Modern accelerators are among the most complicated and delicate computer-controlled systems. An accelerator such as the Linac Coherent Light Source (LCLS) can consist of tens of thousands of components, each of which needs to be thoroughly controlled and monitored in order for the machine to properly work. Realizing the maximum machine performance and maintaing high availability for such a machine pose a tremendous challenge.
Machine learning (ML) may hold the key to addressing this challenge. As a broad field of study, ML offers algorithms and methods for modeling, optimizing, and automatic controlling of systems of all scales, which could be ideal for many accelerator applications.

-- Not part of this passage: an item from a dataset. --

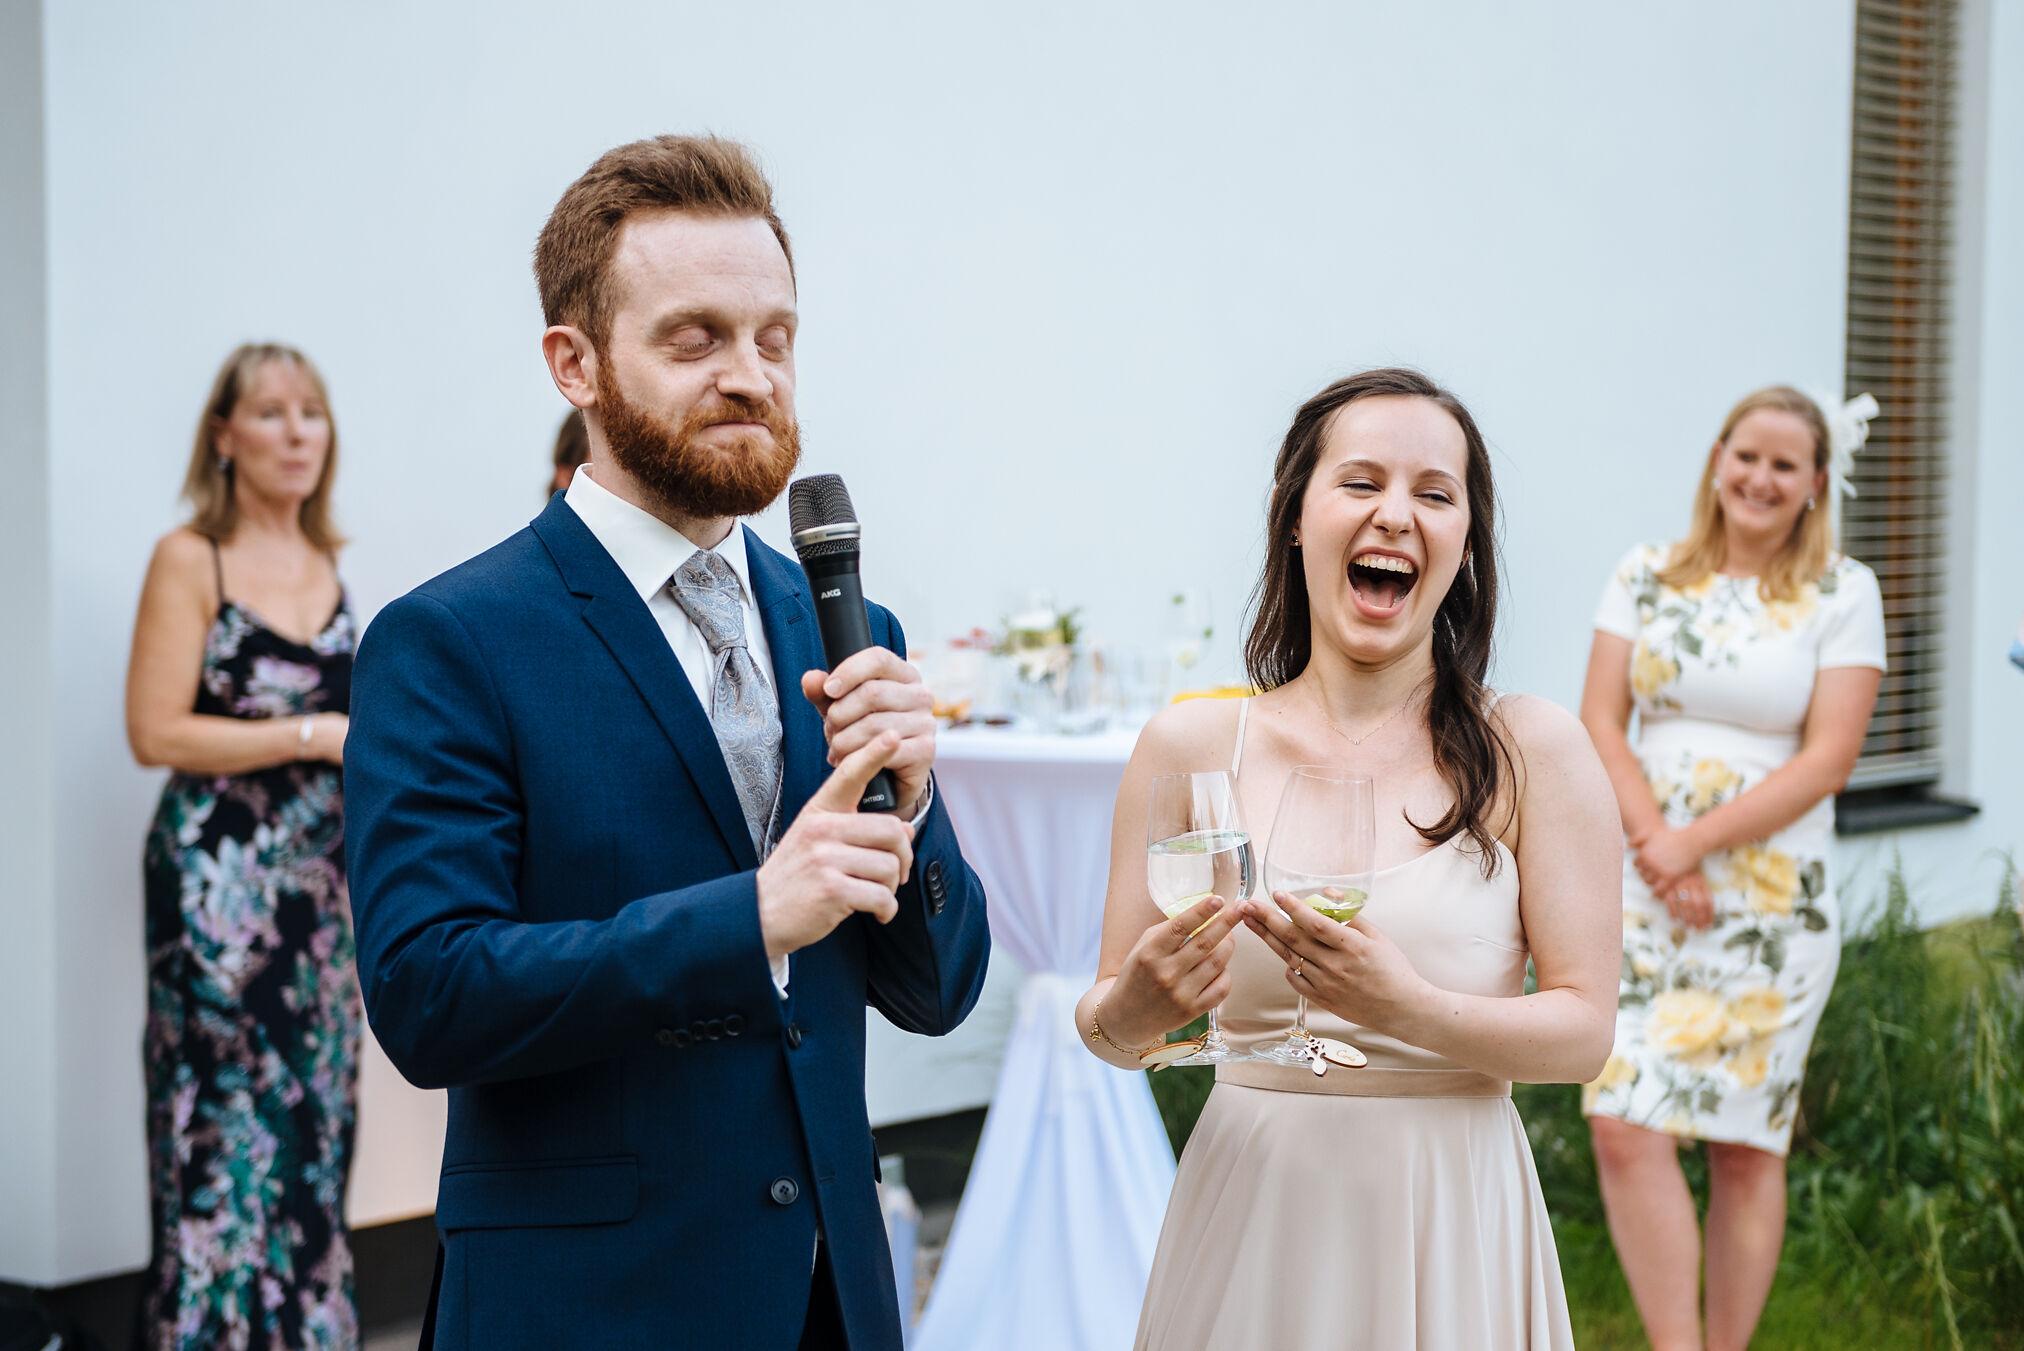 Hochzeit-Garten-Denoti-34.jpg

At SLAC, we are developing ML methods for accelerators in the following areas:
- Automated tuning and control: Using advanced online optimization algorithms to efficiently search the parameter space, discover the optimal operation setting, and maintain the high performance.

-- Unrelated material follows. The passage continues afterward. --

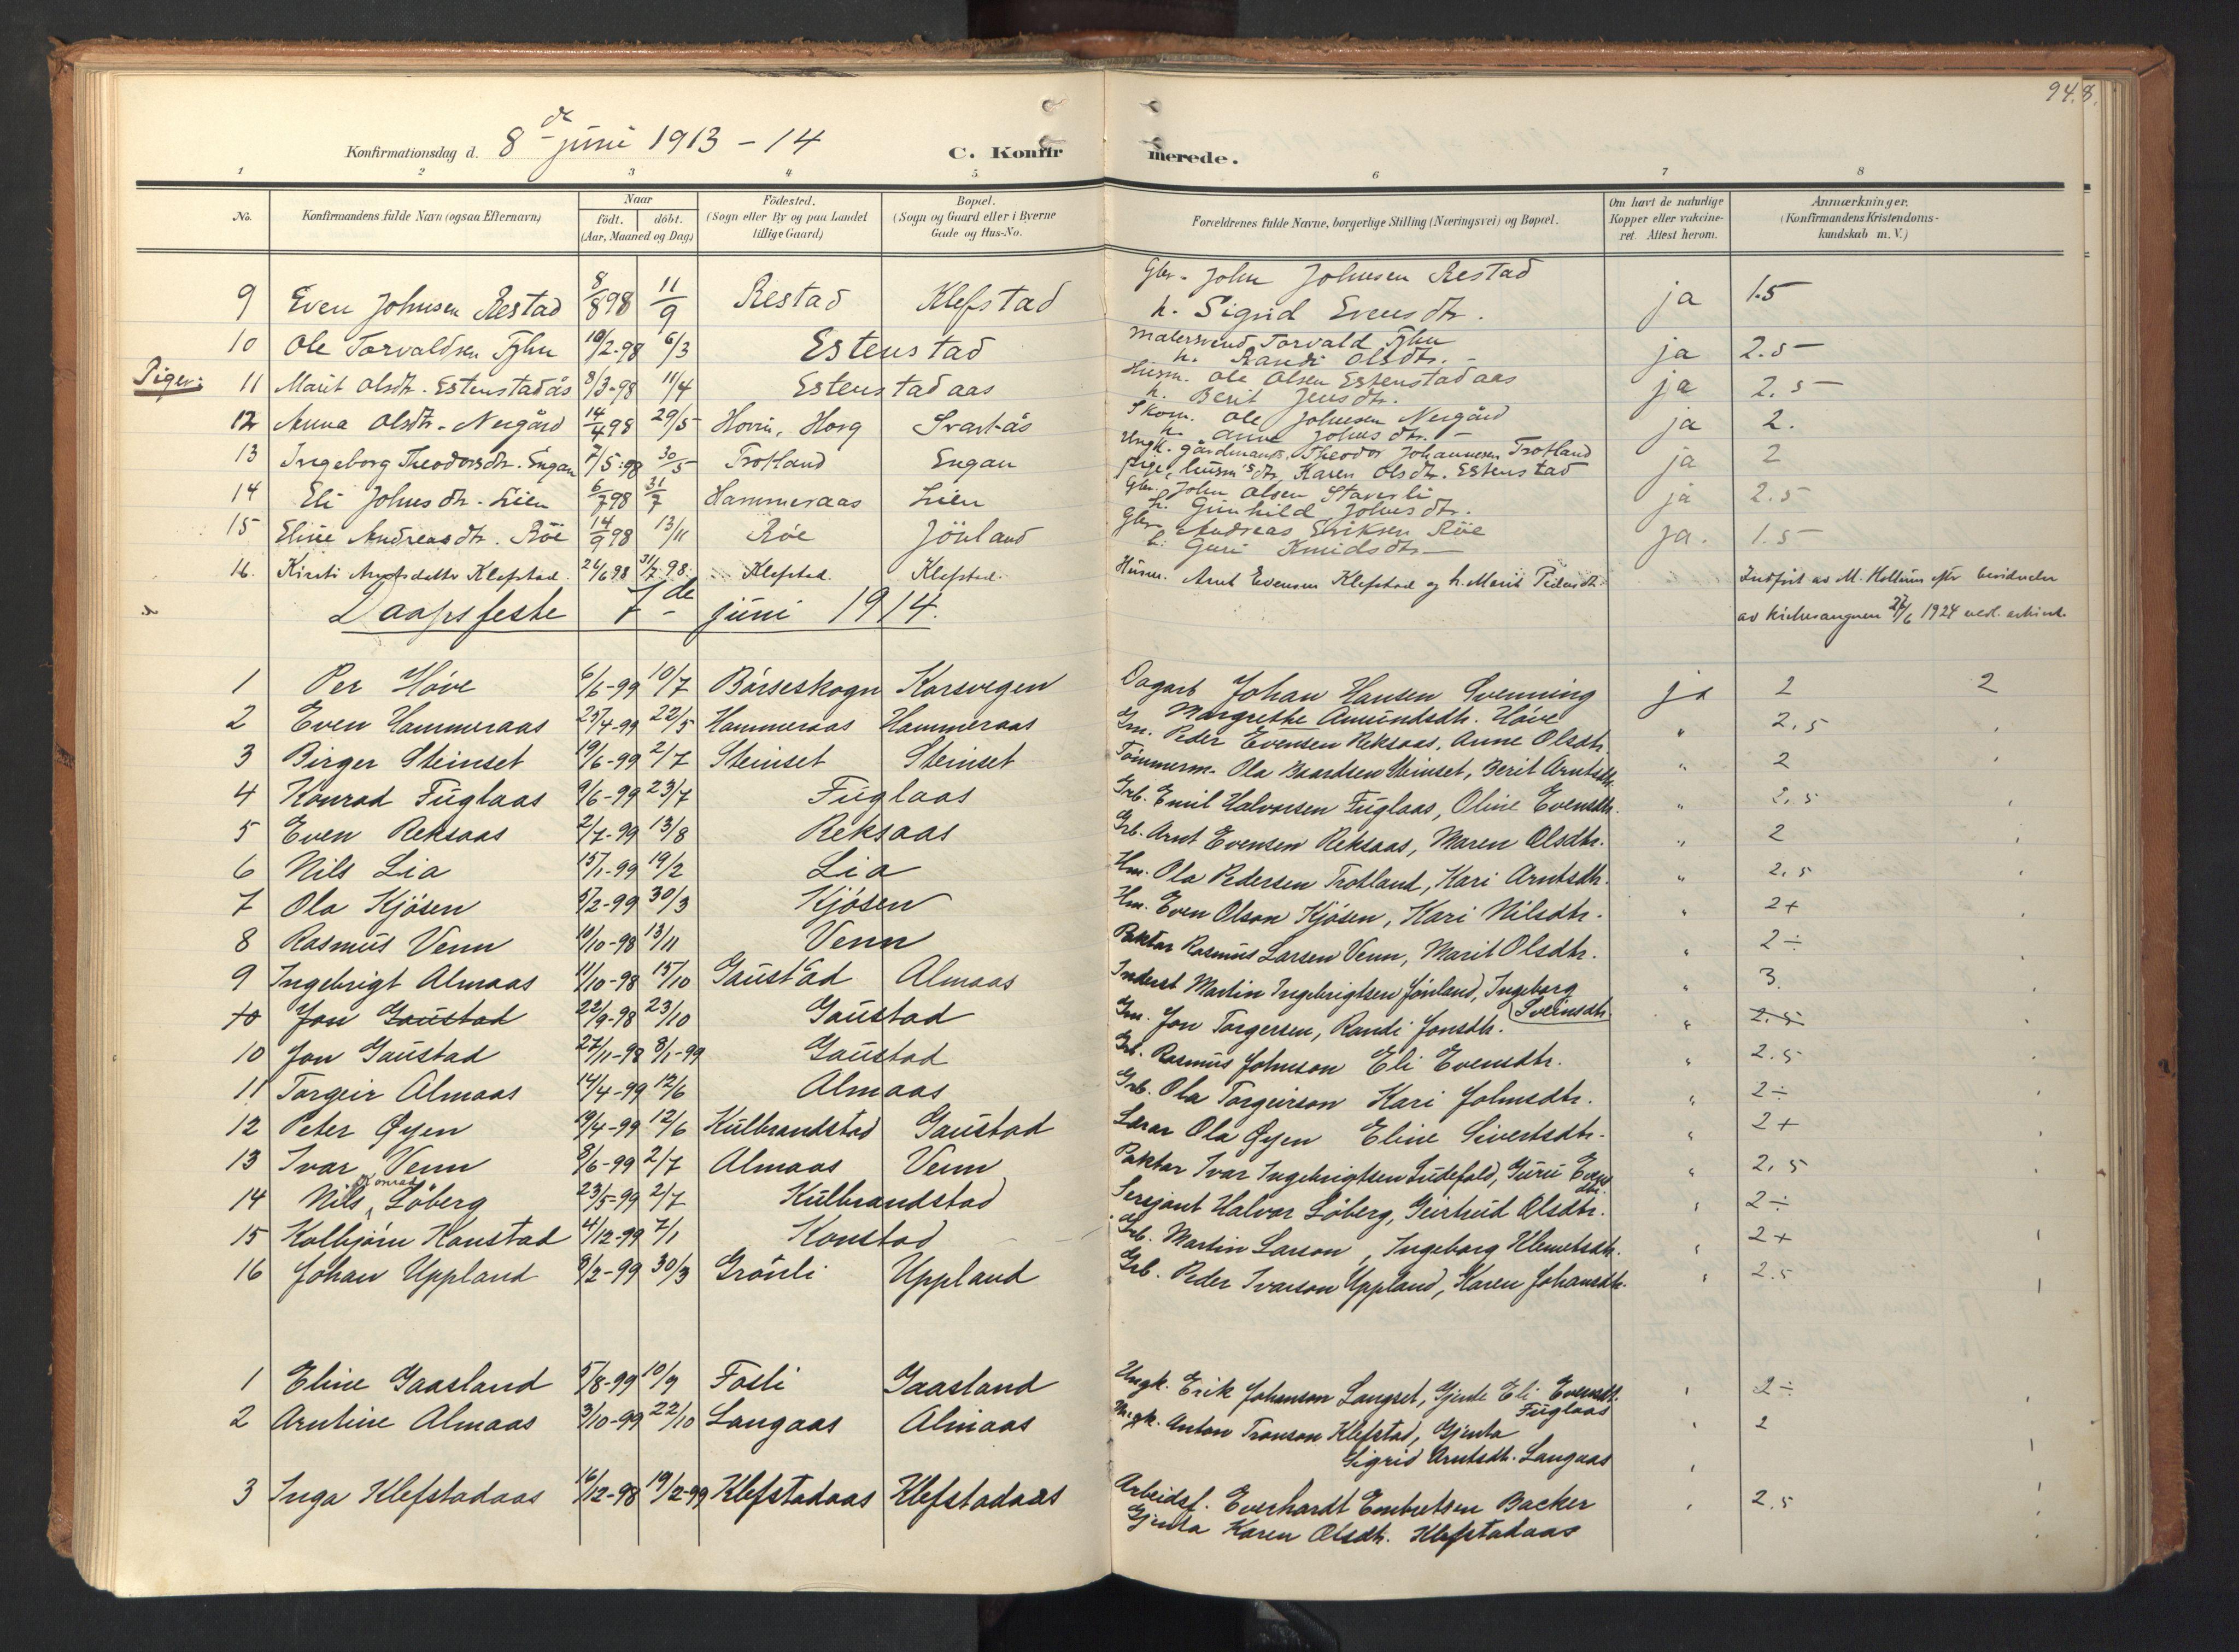 SAT, Ministerialprotokoller, klokkerbøker og fødselsregistre - Sør-Trøndelag, 694/L1128: Ministerialbok nr. 694A02, 1906-1931, s. 94

- Beam diagnostics and data analysis: Analyzing beam diagnostics data with ML methods to provide accurate and detailed beam conditions and providing live beam information to users.
- Fault detection and prediction: Identifying root causes of machine faults by analyzing recent data of a vast number of process variables, predicting future machine faults based on models trained with archived history data.
- Accelerator modeling and simulation: Building comprehensive models for the accelerators with both physics simulation and deep learning, applying the models to accelerator diagnostics and control.